Cuando el hermano de Hagen se encargó de las llaves,


La mano del héroe ofreció muchos regalos ricos.
Quien deseaba un marco le dieron tanto,
Que todos los pobres podían vivir en alegría.

Como cien libras regaló sin selección:


Entonces partieron muchos de la sala, en vestidos ricos,
Que jamás en su vida anteriormente habían llevado vestidos tan distinguidos.
La reina lo supo: y le causó bastante dolor.

Entonces dijo la princesa: «Quisiera evitarlo, rey,


Que nada quedara para mí ante vuestros camariegos
De todas mis riquezas: él malgasta todo mi oro.
Quien resistiera a eso siempre tendría mis favores.
Da regalos tan ricos: El espada parece imaginarse,
Que he mandado por la muerte: pero quiero vivir todavía;
La herencia de mi padre yo misma puedo despilfarrarla.»
Nunca una reina ganó a un camariego tan generoso.

Entonces habló de Tronje Hagen: «Señora, debéis saber:


El rey del Rhin tiene oro y ricos vestidos
Para darlos, una tal abundancia, que no ha menester,
Que nos llevemos de aquí una parte de la riqueza de Brunhild.»

«No, si me amáis», empezó la reina,


«Veinte escrinios de viaje me deben llenar
De oro y de seda: que los reparta mi propia mano,
Tan pronto como lleguemos allá al país de los Burgundios.»

Entonces cargaron los cajones de piedras preciosas.


Sus propios camariegos tenían que estar presentes:
No quería confiarlo al súbdito de Geiselher.
Gunther y Hagen por eso empezaron a reírse.

Entonces dijo la princesa: «¿A quién voy a dejar mi país?


Primero vamos a determinarlo vuestra mano y la mía.»
Entonces dijo el noble rey: «Pues llamad a alguien,
Quien os guste para eso, a fin de que reciba el cargo de gobernante.»

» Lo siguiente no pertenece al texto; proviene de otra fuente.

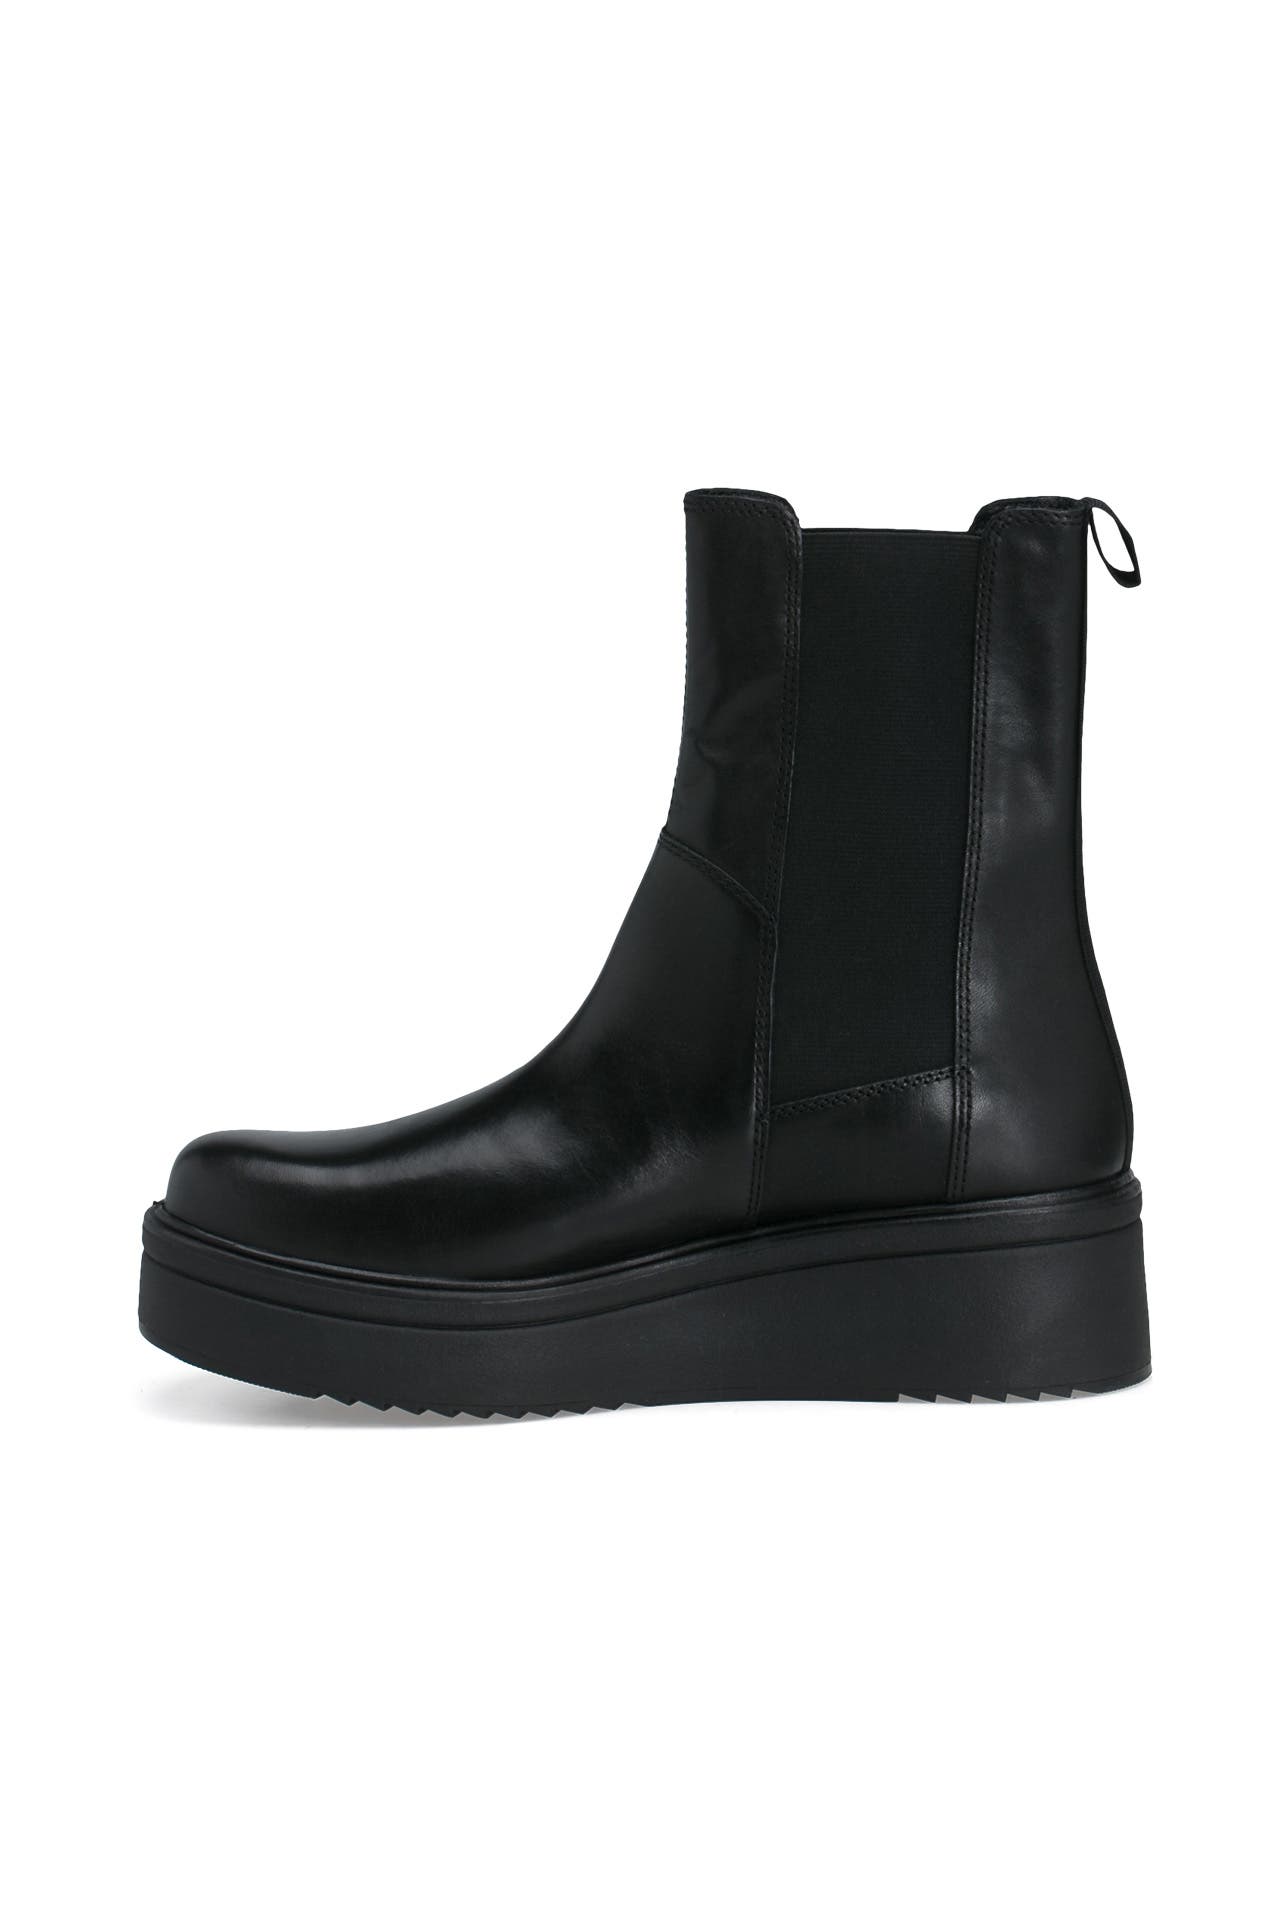 Chelsea-Boots schwarz VAGABOND » günstig online kaufen | Outletcity
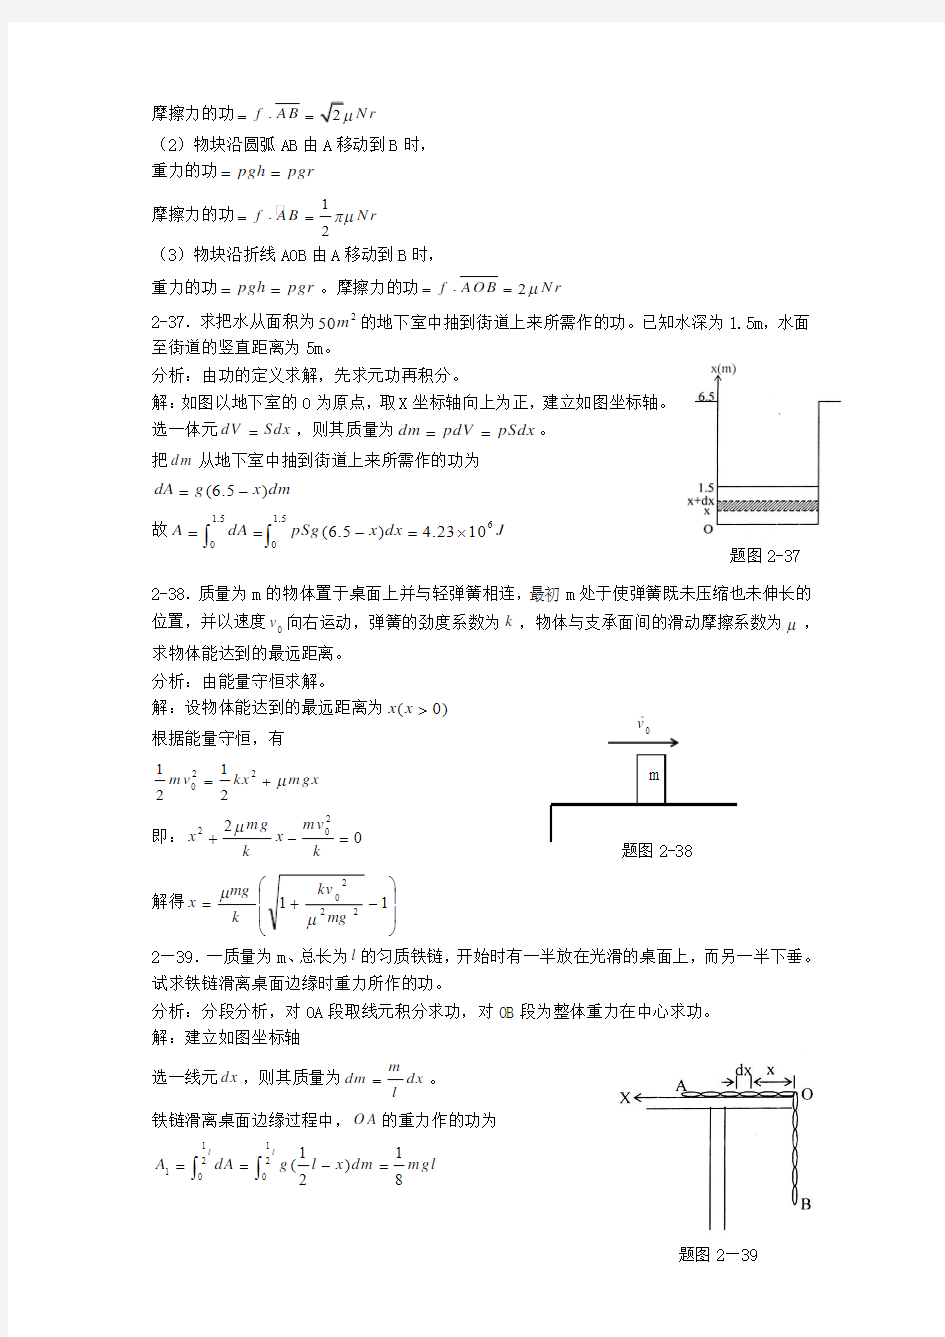 《新编基础物理学》(上册)第二章习题解答和分析3

A uno de sus mejores amigos vio la doncella a su lado:


Era el hermano de su madre, a él empezó a hablar:
«Dejaos encomendado mis castillos y mi país,
Hasta que el rey Gunther haya mandado a sus funcionarios.»

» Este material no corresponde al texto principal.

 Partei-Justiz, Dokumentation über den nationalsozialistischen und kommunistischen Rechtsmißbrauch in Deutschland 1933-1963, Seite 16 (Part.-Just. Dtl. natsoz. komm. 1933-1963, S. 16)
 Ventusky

De su séquito elegía inmediatamente a mil hombres,


Que debían viajar con ella al país de los Burgundios,
Con aquellos mil héroes del país de los Nibelungos.
Así se preparaban para el viaje: los vieron cabalgar hacia la playa.
Llevaba también consigo a ochenta y seis mujeres.
Además cien doncellas muy bellas de ver.
Ya no tardaban más ya querían partir:
Aquellas que dejaron allí, tantas empezaron a llorar.

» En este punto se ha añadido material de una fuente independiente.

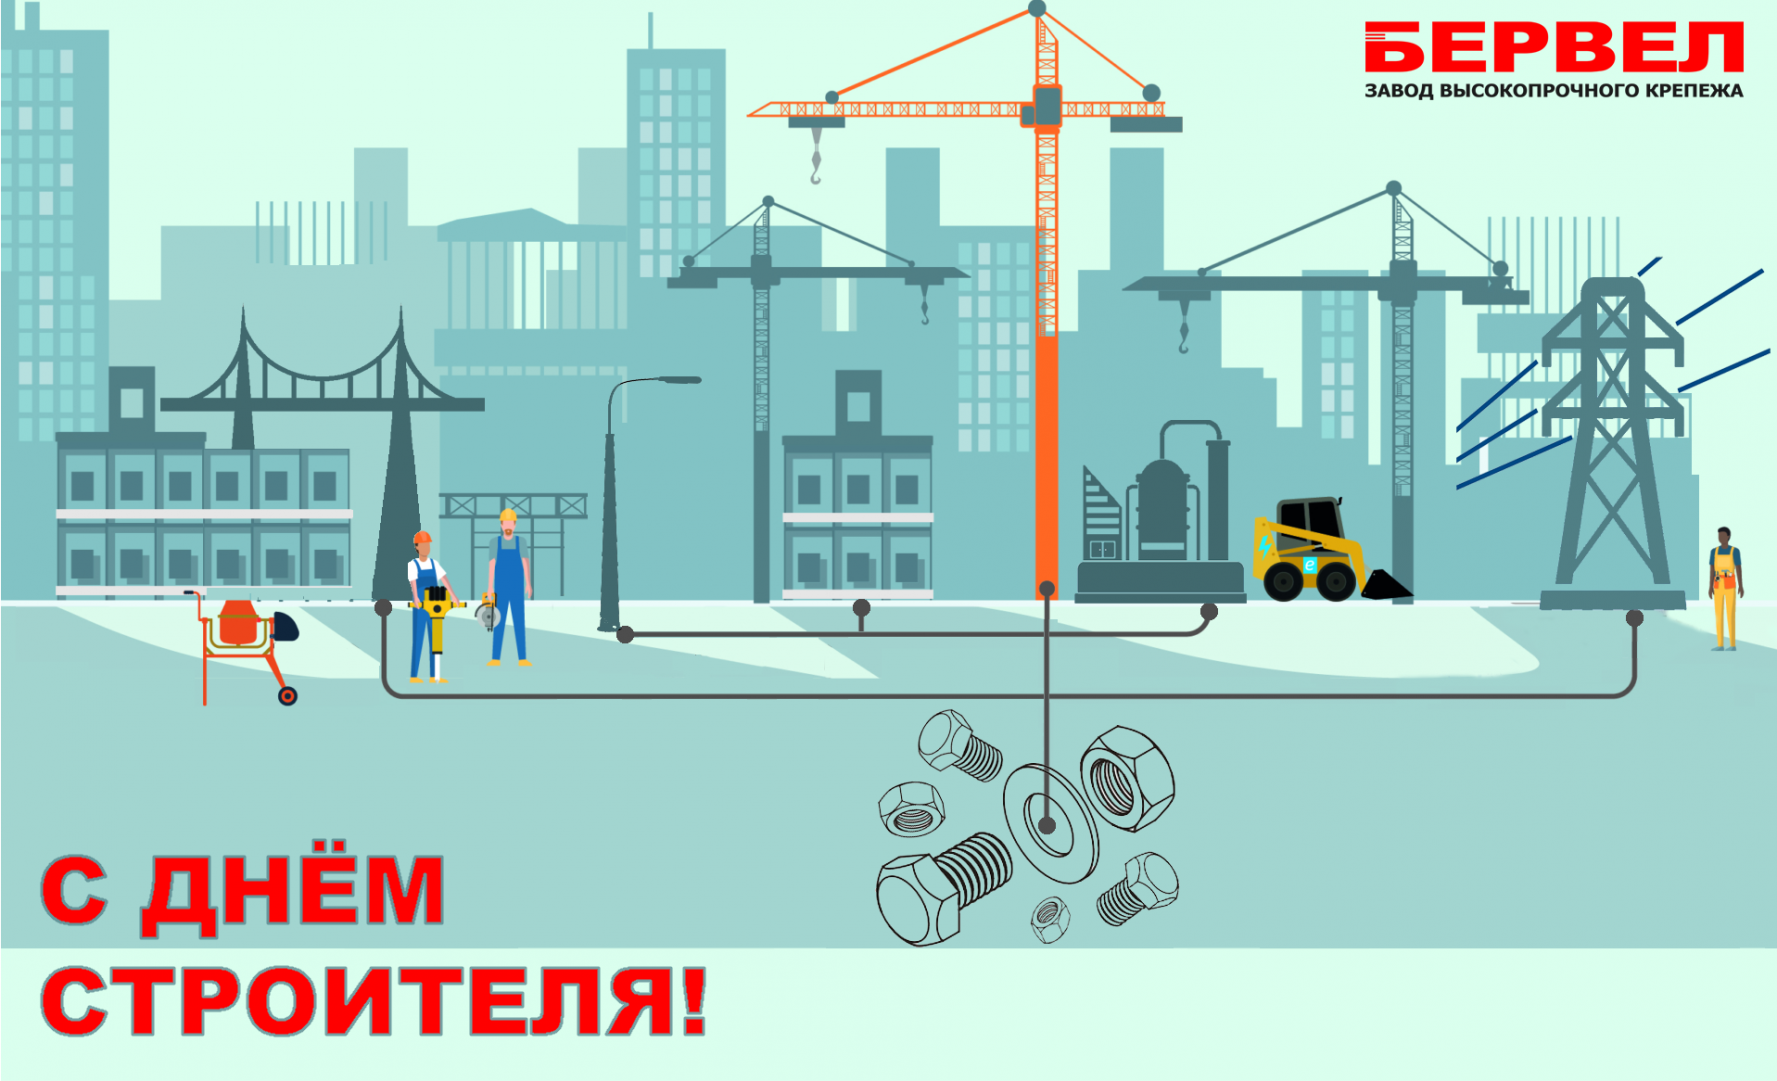 День строителя_БЕРВЕЛ.png

En modales virtuosos la mujer abandonó su país,


Besando a sus amigos más próximos, que estaban a su lado.
Con buena licencia llegaron a la mar,
Al país de su padre nunca más volvió la doncella.

Durante el viaje sonaba mucha diversión y juego


Tenían toda clase de divertimientos.
También se levantó para el viaje el buen viento sobre el agua:
Se separaron de la tierra: lo lloraban muchos hijos de madres.

Pero no quería amar al rey durante el viaje:


Esta diversión se aplazó hasta que llegaran a su casa,
En Worms, en el castillo hasta un banquete de corte,
Adonde con sus huestes alegremente llegaron después.